A duet with Travolta from the film, "Take a Chance", was included as the B-side of the 7-inch single in the US, where it peaked at number 3 on Billboards Adult Contemporary chart, as well as in Canada, where it hit number 1 on the same chart in RPM magazine.

==Critical reception==
In their review of the single, the editors of Billboard magazine described it as "a strong dance-rocker that floats Newton-John's light voice over a booming, bass-heavy
rhythm track." Cash Box wrote that the song "shows an urgent David Foster production full of throbbing bass lines and multi-layered keyboard parts." They noted of Newton-John that "her full-throttled vocal performance bodes extremely well for a successful new beginning." Robin Smith of Record Mirror, however, wrote, "Our Livvy's heart just isn't in this one."

==Music video==
In the music video for "Twist of Fate", Newton-John sings on a black soundstage surrounded by three raised jury boxes filled with people mostly shown in shadows. Scenes from the movie either start or end as still frames that are presented to the singer and the jury as large photographs. Travolta enters as she finishes the song. The video was directed by Brian Grant.

"Twist of Fate" was listed on the reports that MTV provided to Billboard that indicated what videos were in rotation on the cable network and made its first appearance there in the 3 December 1983 issue, which indicated that it had been added to their playlist as of 21 November.

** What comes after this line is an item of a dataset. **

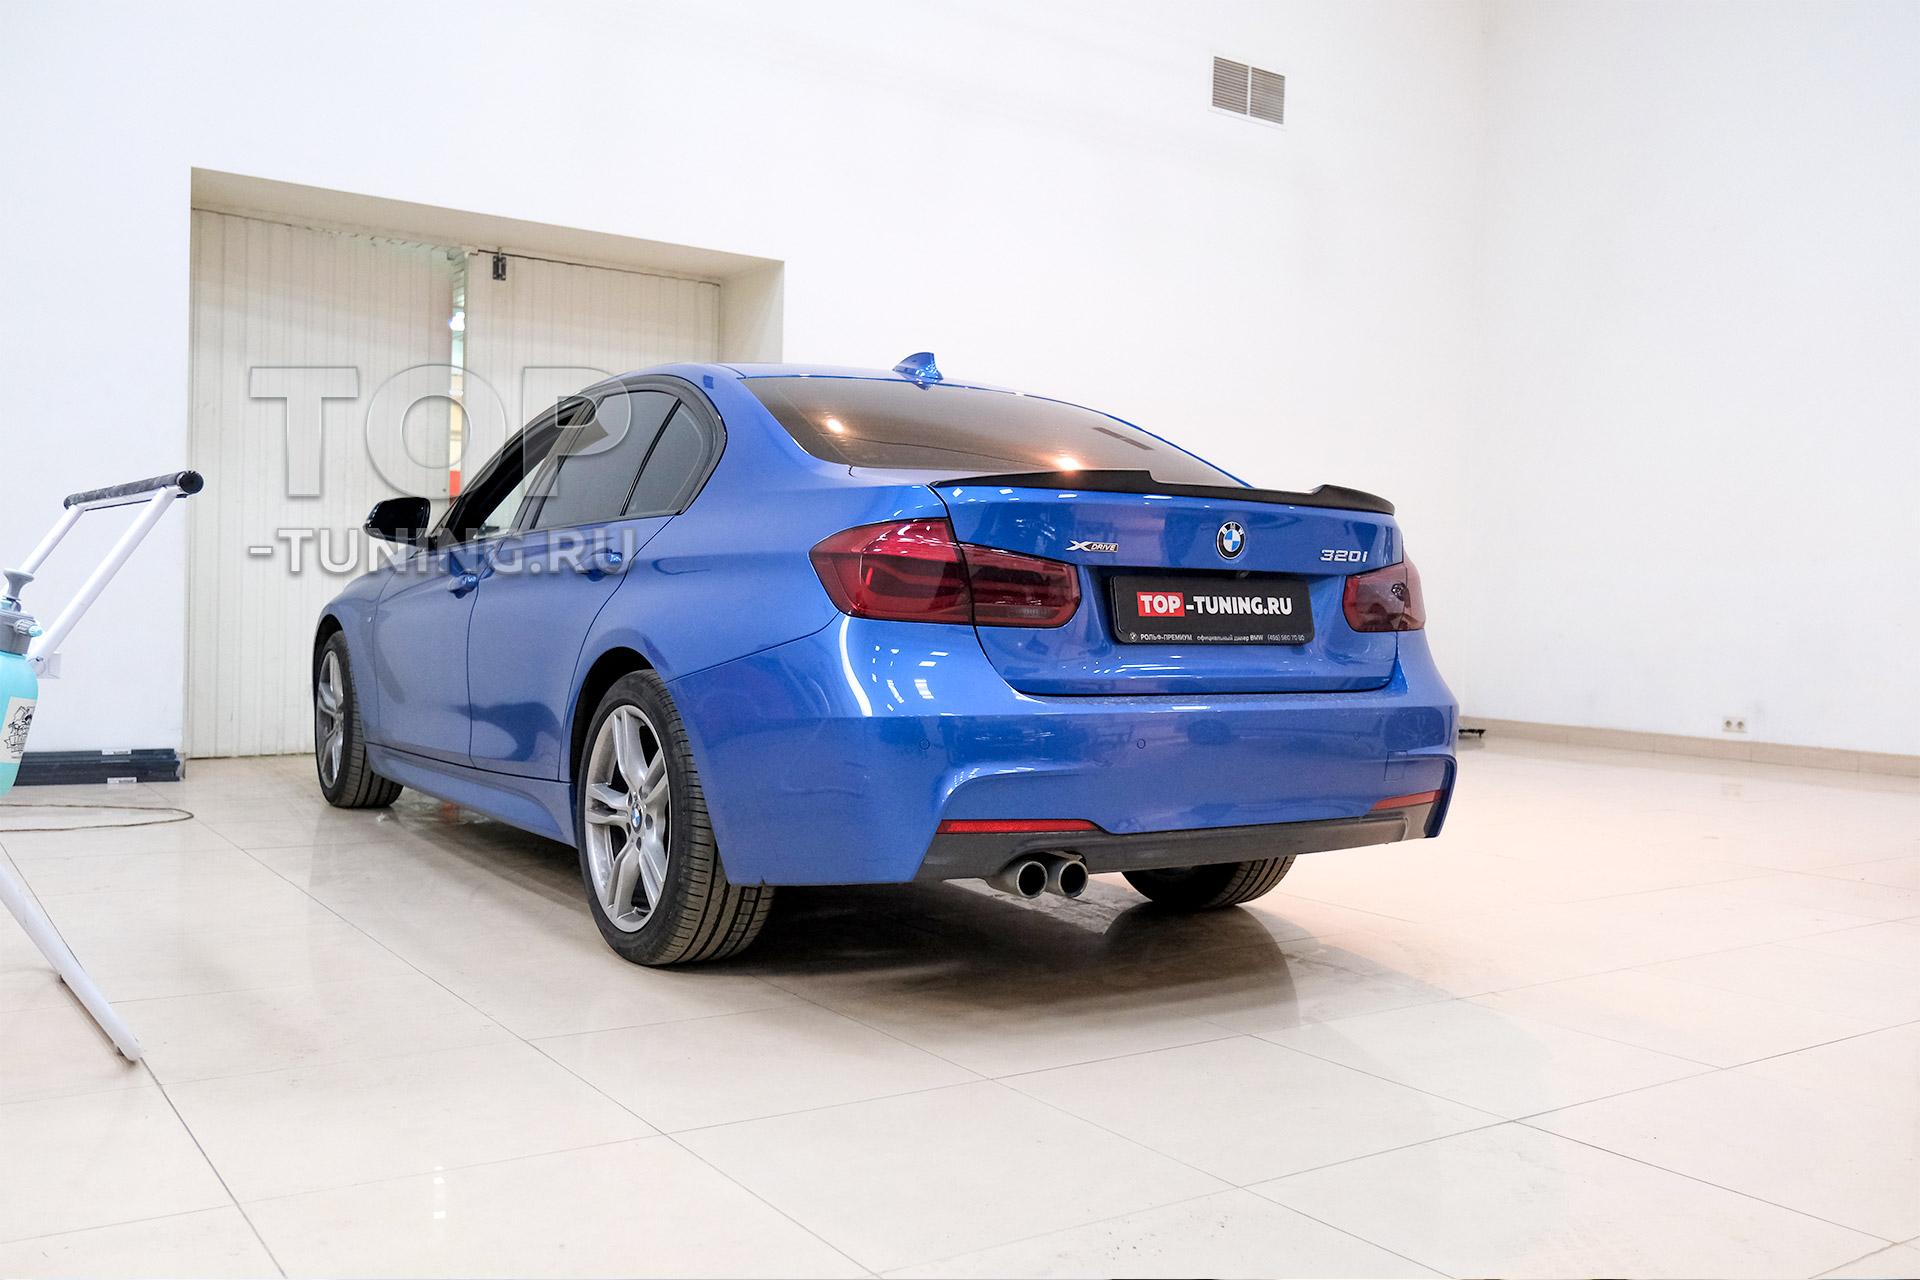 104240 Установка спойлера M-Style на BMW 3 F30 синего цвета

A collection of videos for Newton-John's songs from Two of a Kind was also titled Twist of Fate. The collection was nominated for Best Video, Short Form at the 27th Annual Grammy Awards but lost to David Bowie's Jazzin' for Blue Jean.

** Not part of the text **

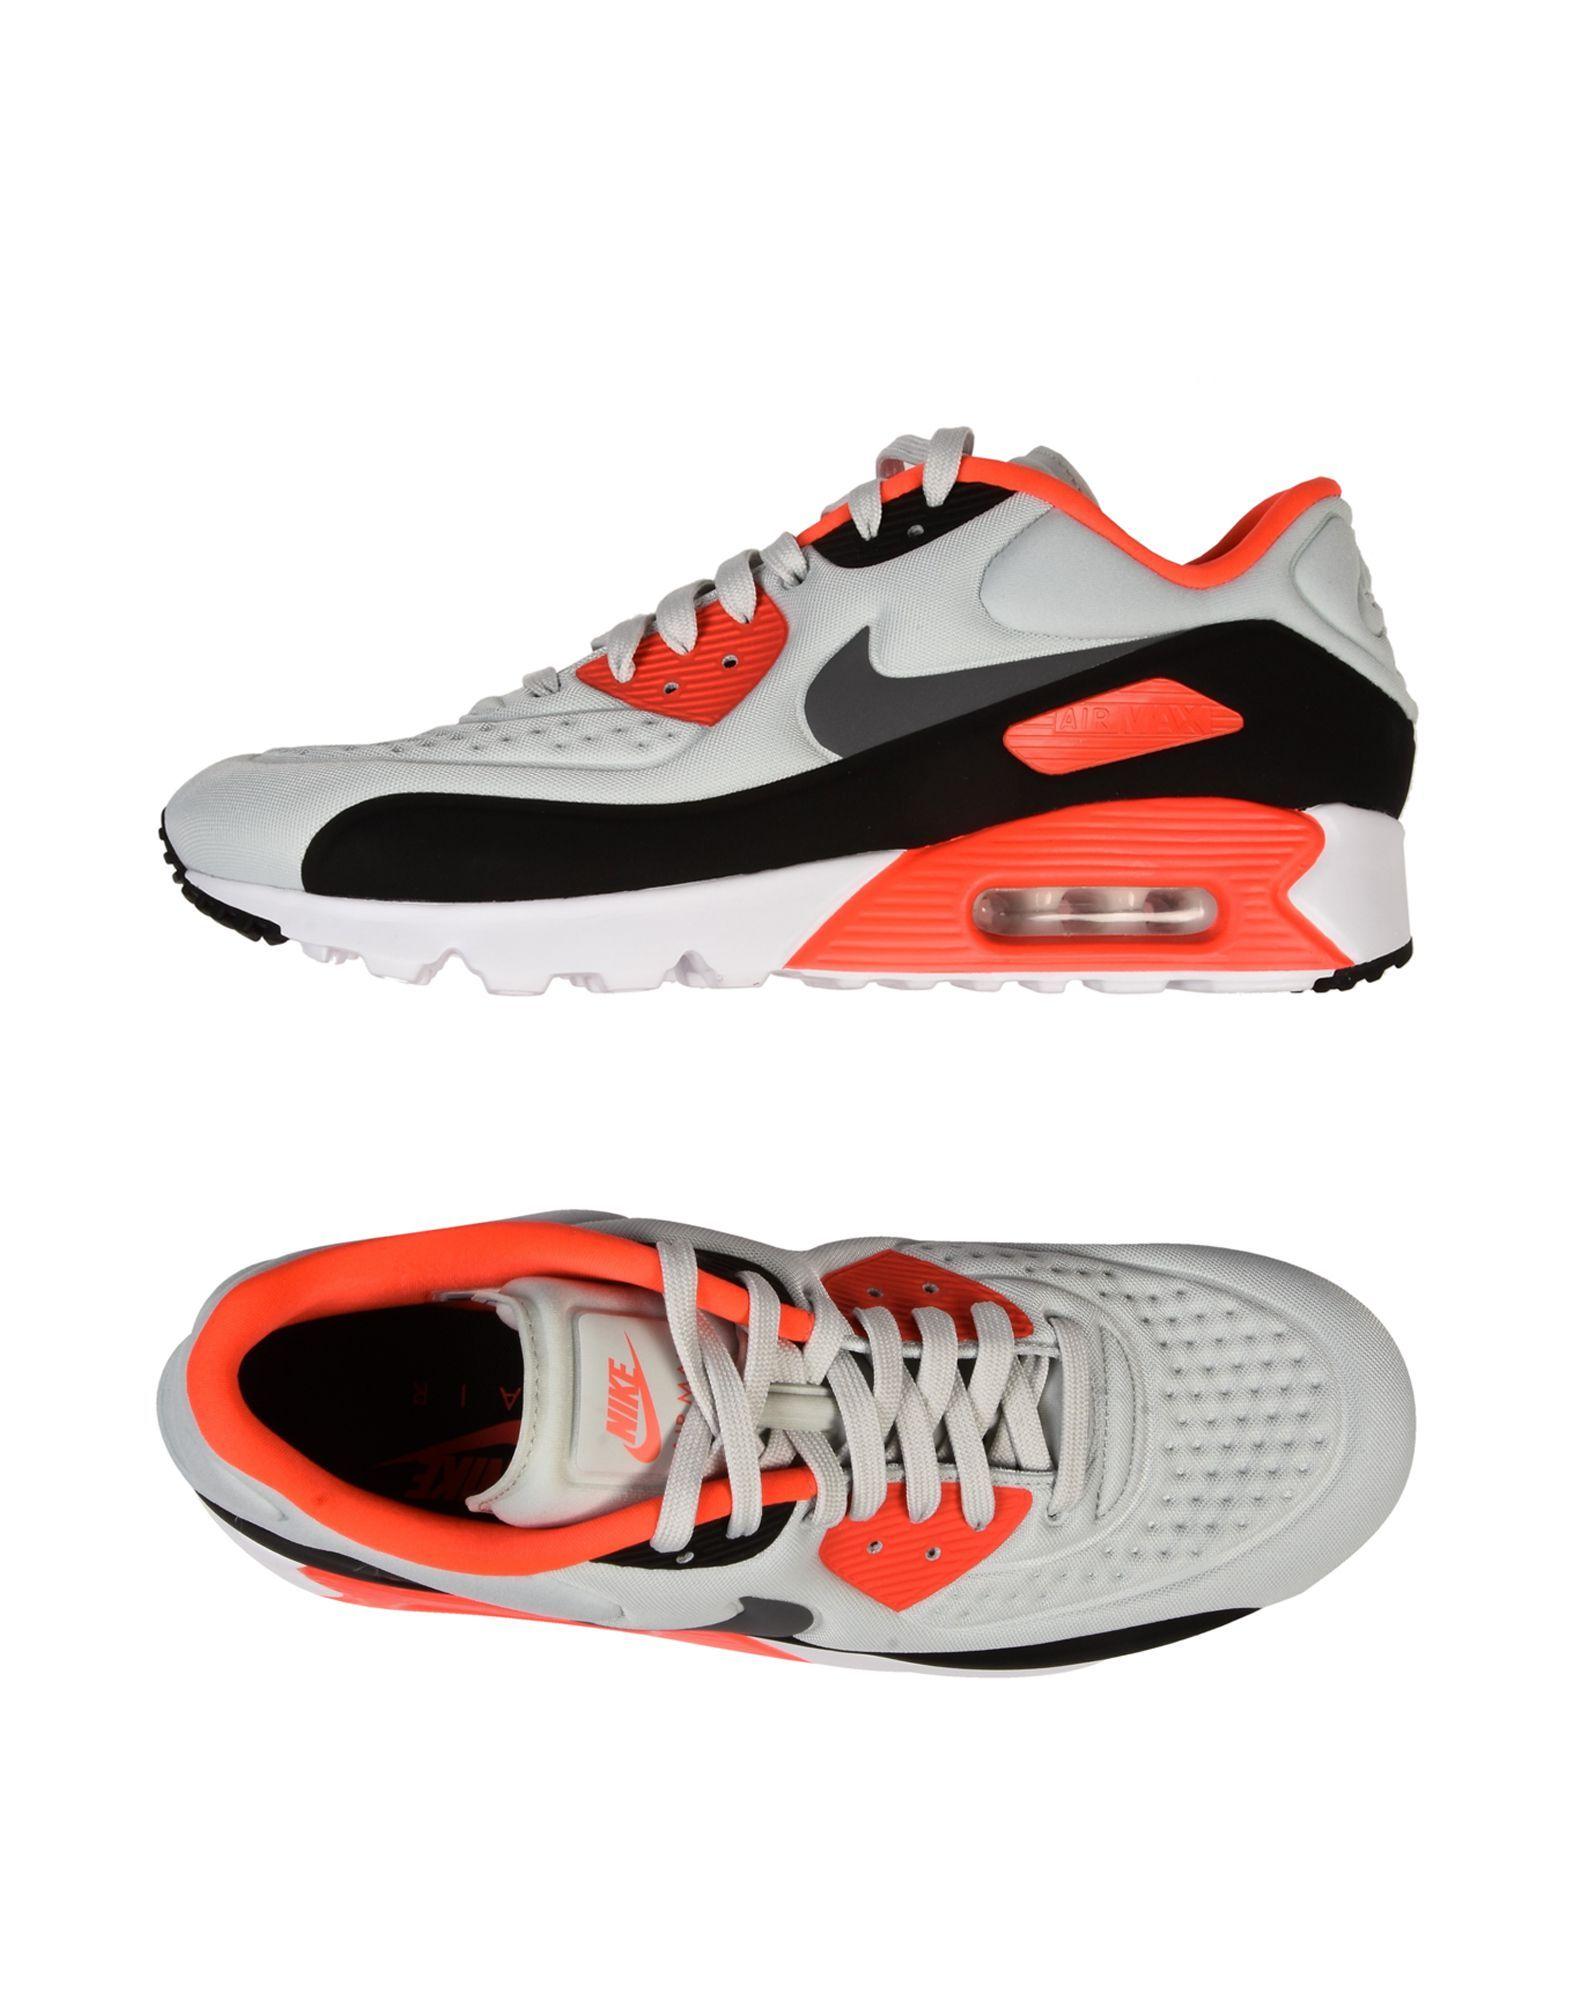 nike roshe run blancas y negras venta, Nike hombre calzado air max 90 ultra  se

==Appearances in other media==
In 2017, the song was featured in the second season of the Netflix series Stranger Things and included on the soundtrack album, Stranger Things: Music from the Netflix Original Series. The album was nominated for Best Compilation Soundtrack for Visual Media at the 61st Annual Grammy Awards.

== Track listing and formats ==
All tracks produced by David Foster except "Coolin' Down" and "Jolene", produced by John Farrar.
- Australian 7-inch single (Interfusion Records)
1. "Twist of Fate" (Beckett, Kipner) – 3:39
2. "Coolin' Down" (Farrar)– 3:57

- UK 7-inch single (EMI Records)
3. "Twist of Fate"
4. "Jolene" (Dolly Parton)

- US/Canadian 7-inch single (MCA Records)
5. "Twist of Fate" – 3:39
6. "Take a Chance" (with John Travolta) (Foster, Steve Lukather, Olivia Newton-John) – 4:05

- US 12-inch single – Promo Only (MCA Records)
7. "Twist of Fate (Extended Version)" – 5:18
8. "Twist of Fate" – 3:39

== Charts ==

=== Weekly charts ===

Chart performance for "Twist of Fate"
| Chart (1983–1984) | Peak position |
|---|---|
| Australia (Kent Music Report) | 4 |
| Belgium (Ultratop 50 Flanders) | 33 |
| Canada (RPM) | 5 |
| Netherlands (Single Top 100) | 42 |
| Japan (Oricon) | 73 |
| New Zealand (Recorded Music NZ) | 22 |
| South Africa (Springbok) | 5 |
| Switzerland (Schweizer Hitparade) | 20 |
| UK Singles (Official Charts) | 57 |
| US Billboard Hot 100 | 5 |
| US Cash Box Top 100 | 5 |
| US Dance Club Songs (Billboard) | 51 |
| Quebec (ADISQ) | 2 |

=== Year-end charts ===

Chart performance for "Twist of Fate"
| Chart (1984) | Position |
|---|---|
| Australia (Kent Music Report) | 46 |
| Canada Top Singles (RPM) | 48 |
| US Billboard Hot 100 | 42 |
| US Cash Box Top 100 | 55 |

== Certifications and sales ==

| Region | Certification | Certified units/sales |
| Canada (Music Canada) | Gold | 50,000^{^} |
^{^} Shipments figures based on certification alone.